元玉墨用手理了理自己的头发,她只是不想让阿爹为了政事头疼的同时,还要来担心自己。
温玉容看着她,沉默了一会儿,才说:“有时候,不必这样坚强也可以的。
”
“我又不像你们,我没有娘亲,不坚强的话谁管我呢?我那些姨娘吗?”元玉墨低下头,鬓边的乌发滑落,垂在肩膀与颈窝。
“元大人给你的爱绝不逊于别人。”
“是,所以更不想他真的为我担心。”元玉墨轻声说,“平日里生几回气让阿爹哄着,是想见见阿爹,在阿爹怀里撒撒娇,并没有真的想让阿爹为我担忧到寝食难安的地步。”
“天下父母,有几个不为孩子担心的呢?”
“我想让阿爹无所顾虑的去做他想要做的事。”元玉墨将垂落的乌发编成小辫,系在脑后。
听了她这句无心之语,温玉容微微一怔,莫非元敬想要做的事,元玉墨其实心里也是有所察觉的吗?
“如果,他想要去做的……是一件于家于国毫无意义的事呢?”马车之中空气凝滞,带着一丝闷热,温玉容试探着问。
元玉墨编着小辫的手微微顿住,看向温玉容说:“你是从何判断一件事于家于国毫无意义或者是有所意义的呢?”
“时局,变数,人心。”
“你就一定认为自己所做的是对的,旁人就是错误?”元玉墨说话的口吻变得尖锐起来。
“至少眼前,还不到这种时候。”
马车之中很久都没有人说话的声音,沉默,只是一片沉默。
元玉墨看她的眼神尖利到几乎穿透她的身体,像刀子一样剐在她的脸上,良久,这目光变得黯淡下来,元玉墨好像也失去了强撑着的信心,垂下了自己的头颅。
“其实,我何尝不知呢?”
她看着自己的左腿,语气中带着一丝悲哀:“可有些人就得自欺欺人地活着,有些事纵使飞蛾扑火也要去做,这是大义。”
“大义?”温玉容重复这两个字,在心中反复咀嚼。
“是,大义就是让人不惧死生、不畏强权。”
大义就是会让人去做一些当时的人看起来有些蠢的事情,即使事后提起来会变成笑柄,也依旧要有人去做啊!
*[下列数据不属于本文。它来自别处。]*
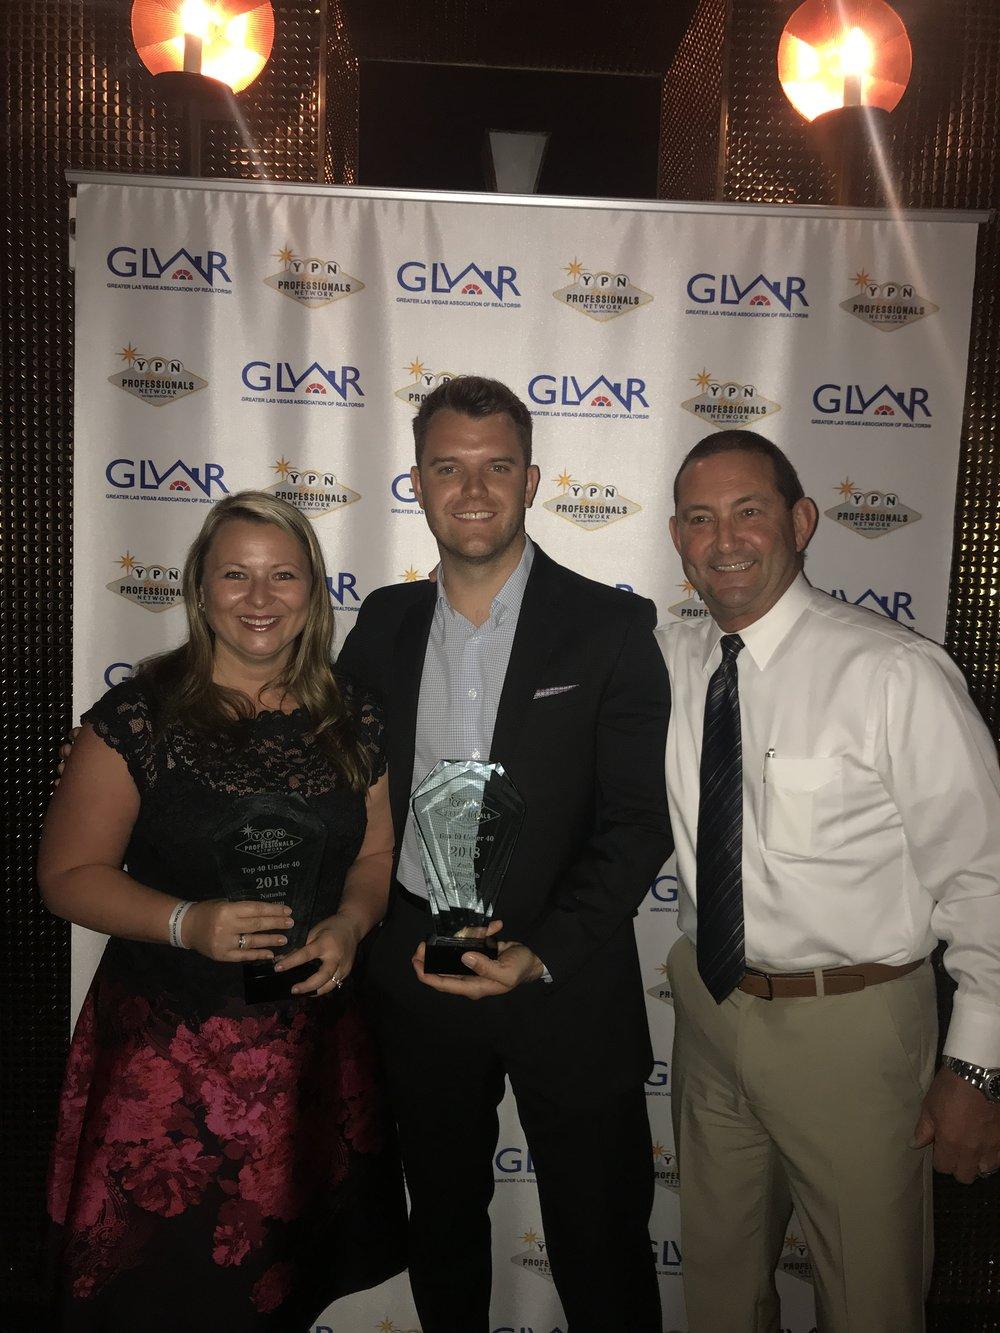 Zach WalkerLieb GLVAR's Young Professionals Network 40 Under 40 Winner
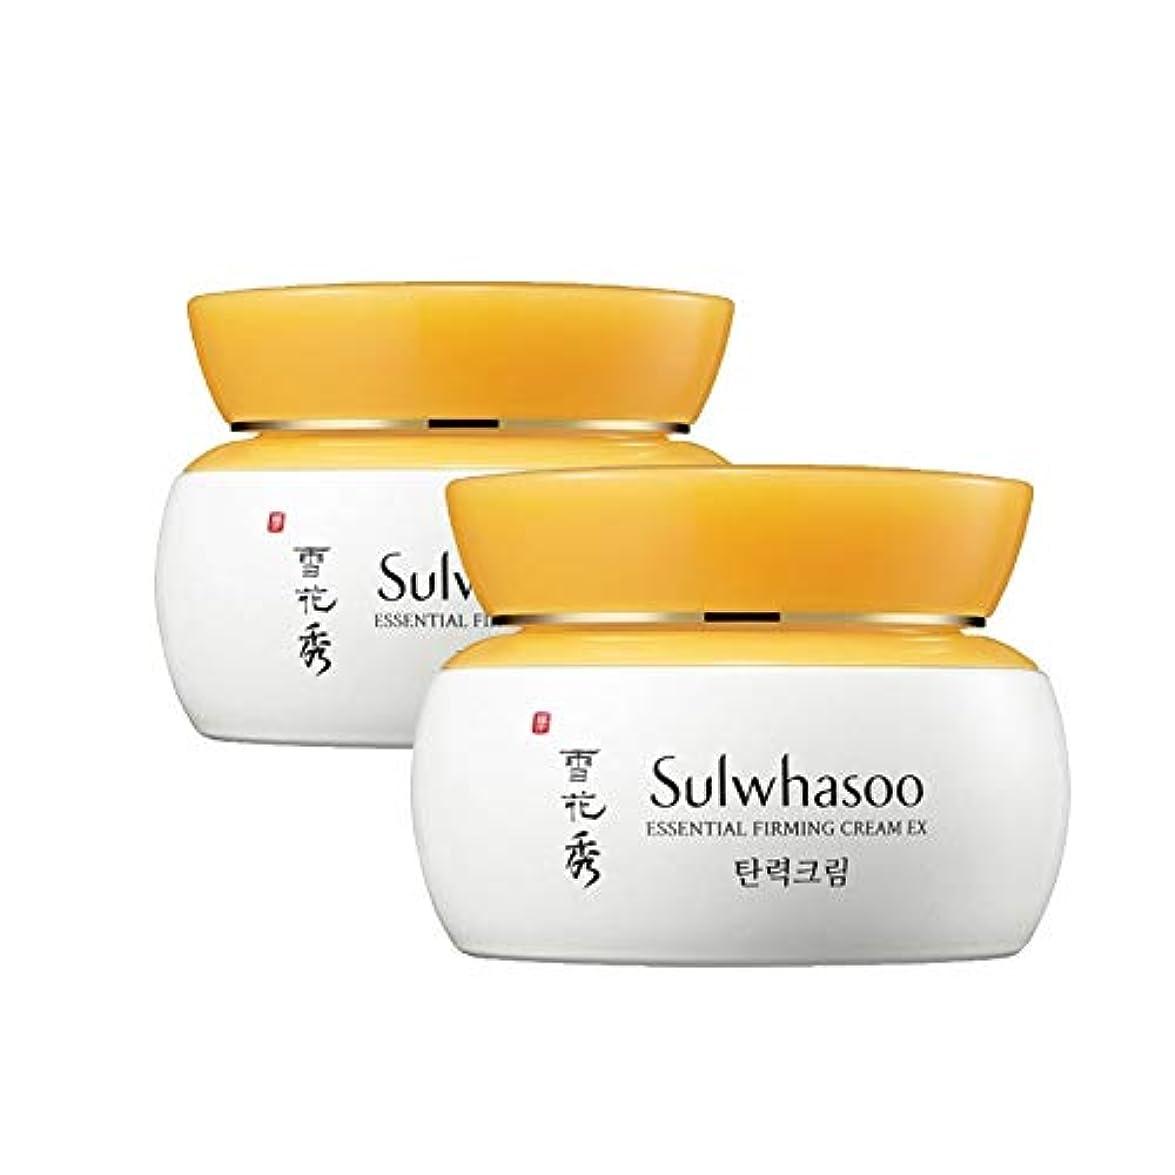 変形する自分おしゃれな雪花秀エッセンシャルパーミングクリーム 75mlx2本セット 弾力クリーム韓国コスメ、Sulwhasoo Essential Firming Cream 75ml x 2ea Set Korean Cosmetics [...

所有人都缩在安全的地方,等待着时局变化,这时局又什么时候能够变好呢?
总要有人站在前头,率先做出改变啊!
阿爹愿意成为这样的人,她就无条件的支持阿爹。
阿爹不愿意她知道这件事,她就把自己变成一个天真的小女孩,假装什么也不知道。就像是现在,她心里明知道自己的这条腿也许是再也不能随着自己的心意活动,但是见到阿爹,她还是会笑着告诉阿爹,其实没什么,一点也不痛。
这很愚蠢吗?
“是很勇敢的行动啊!”
温玉容感叹,同时在心中说,但是没有效果的行动,便是白白给敌人递刀,减少己
方的实力而已。
“勇敢,但是愚蠢,是吧?”元玉墨知道别人会怎么想,但是阿爹愿意这样做的话,再愚蠢的事,她也愿意相信阿爹能够完成。
作为阿爹的女儿,跟阿爹站在统一战线,是她身为儿女的荣幸与骄傲。
“应该说,愚蠢,但是勇敢。”温玉容虽然不认同这样的做法,但是也不能不钦佩元敬这些人做出这件事的勇气。